Francis’s openness to revisiting, and even revising, Church teachings—and to the disagreements that prospect calls forth—may be the most consequential development of his pontificate, the one that truly sets him apart from his predecessors. John Paul and Benedict, and many of the several hundred bishops whom they appointed, sought to tamp down Catholics’ sincere struggles with Church teachings; they disciplined Catholic theologians who kept on speaking and writing about certain issues—Father Jacques Dupuis and Father Peter Phan, on the Church’s relationship to non-Christian religions; Sister Elizabeth A. Johnson, on the gendered impressions of God the Father; Sister Margaret Farley, on sexual ethics—by initiating inquiries about the individuals’ work aimed at restricting their ability to write and teach. Meanwhile, the bishops, who are meant to be teachers of the faith, engaged with questions on complex subjects simply by repeating the Vatican formulae (on in-vitro fertilization, for example, “which the Church has clearly and unequivocally judged to be immoral”). By 2008, when Benedict visited the United States, in a trip thick with pageantry, the lockdown on challenges to papal authority seemed to have prevailed to such a degree that Catholics working in fields that involve free and open inquiry—academia, science and medicine, politics, and the media—would have to live their religious lives in defiance of a Vatican that assuredly would not change.

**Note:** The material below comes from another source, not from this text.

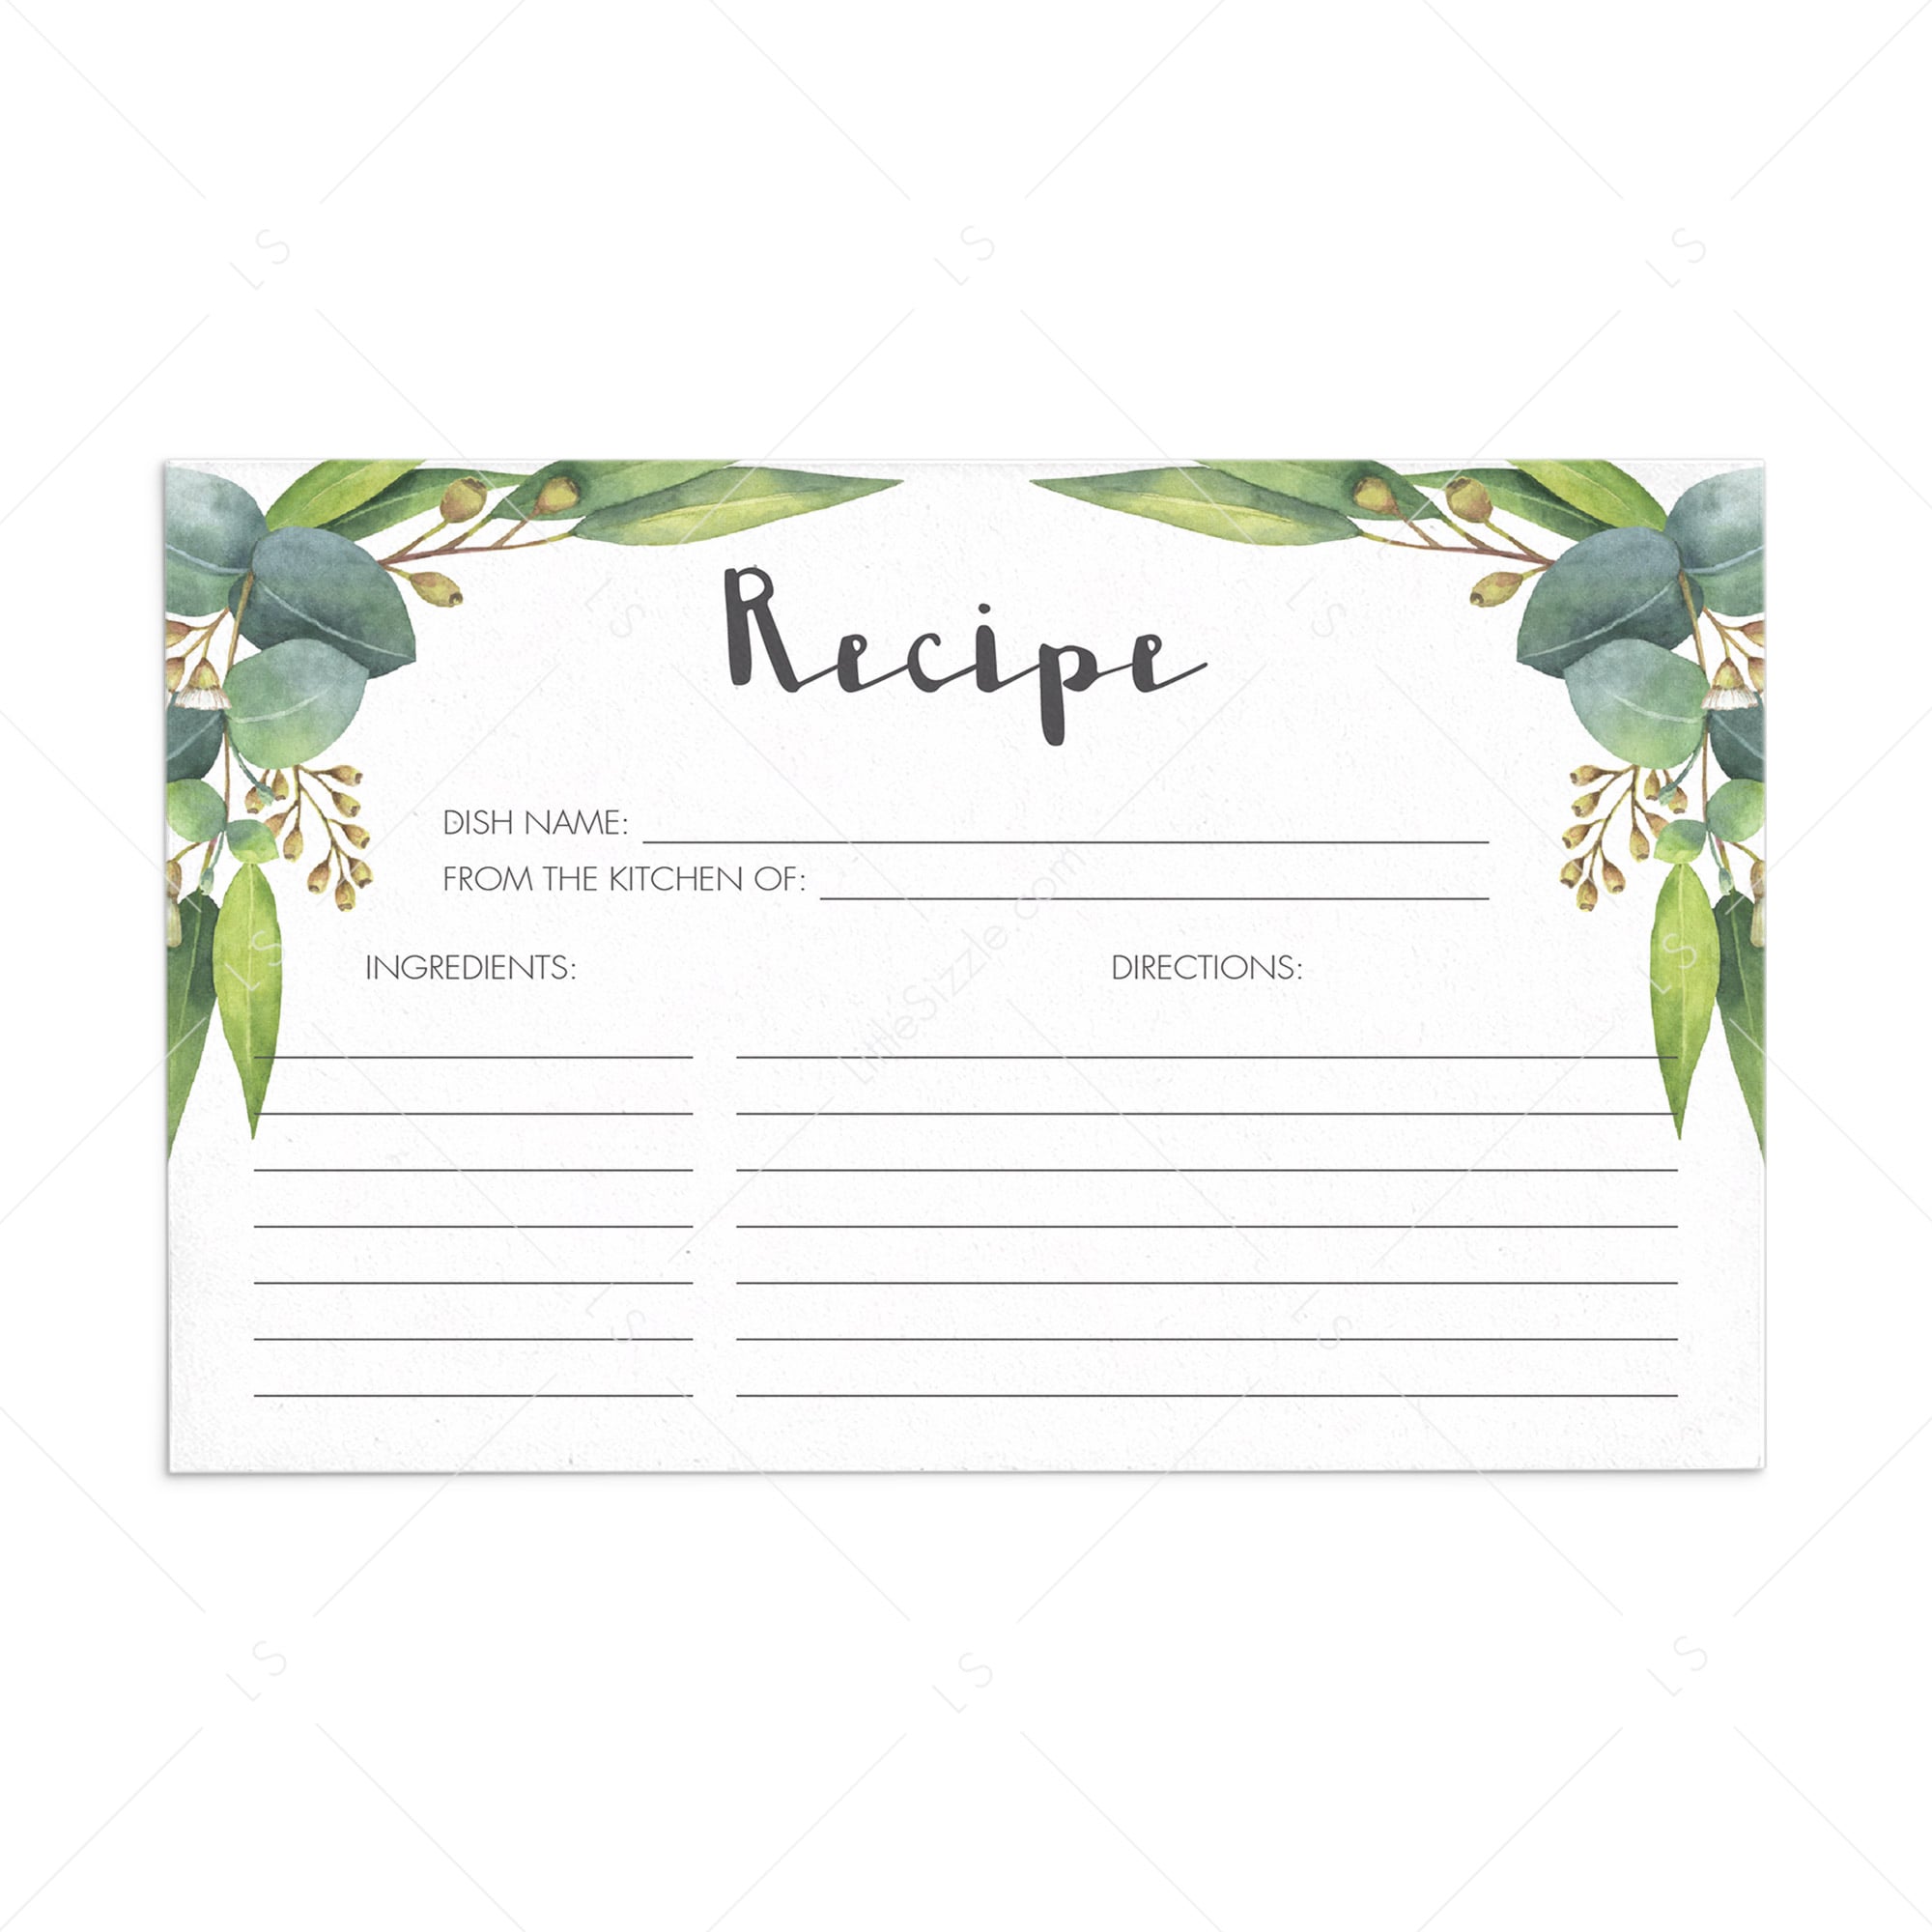 Printable recipe cards instant download PDF by LittleSizzle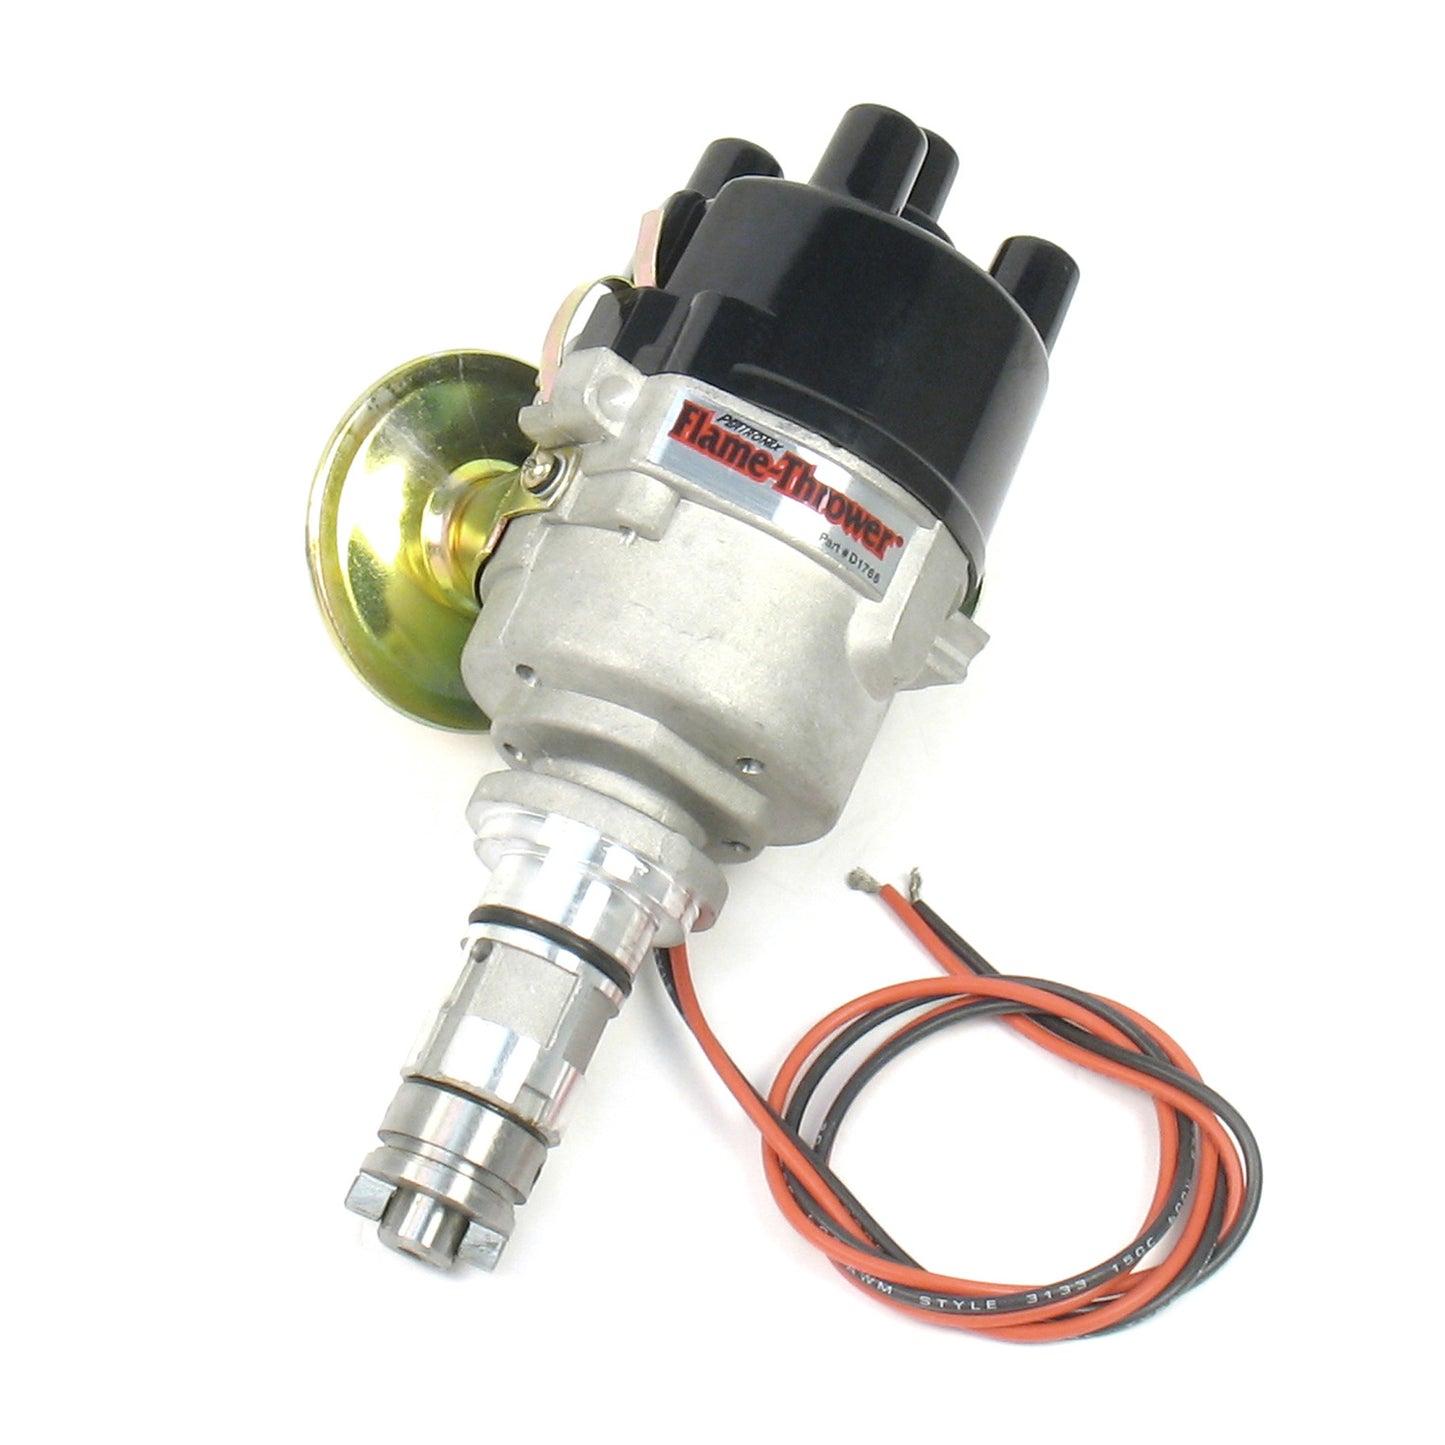 PerTronix D170618 Flame-Thrower Electronic Distributor Cast British 4 cyl Plug and Play with Ignitor II Technology with Vacuum

Pope Francis hasn’t dismantled the traditionalists’ project, just backed away from it. He recognizes that formal papal decrees have limited influence and that the individual’s act of conscientious soul-searching on urgent moral questions is the stuff of religious life, as it is of life broadly. And, for the most part, he has refused to be provoked by those who insist otherwise. In 2016, after four traditionalist cardinals issued a document proposing that Francis’s approach to divorce and remarriage risked heresy, he just coolly let the controversy play out. He has done much the same with regard to Archbishop Carlo Maria Viganò, a former Vatican diplomat who, since 2018, has decried Francis’s pontificate in a series of inflammatory statements that, among other things, have accused him—and not so much his predecessors—of turning a blind eye to clerical sex abuse and also insinuated that he is in the grip of the Antichrist. In the United States, Viganò’s last diplomatic posting, more than two dozen bishops have made statements supporting him or posted approving comments on parish Web sites and social-media pages. But Francis has not disciplined Viganò and his supporters; months after the allegations were first made public he denied them, though not before urging journalists to examine the case for themselves. (More recently, Viganò has also put out written missives endorsing conspiracy theories about the coronavirus pandemic and the war in Ukraine.)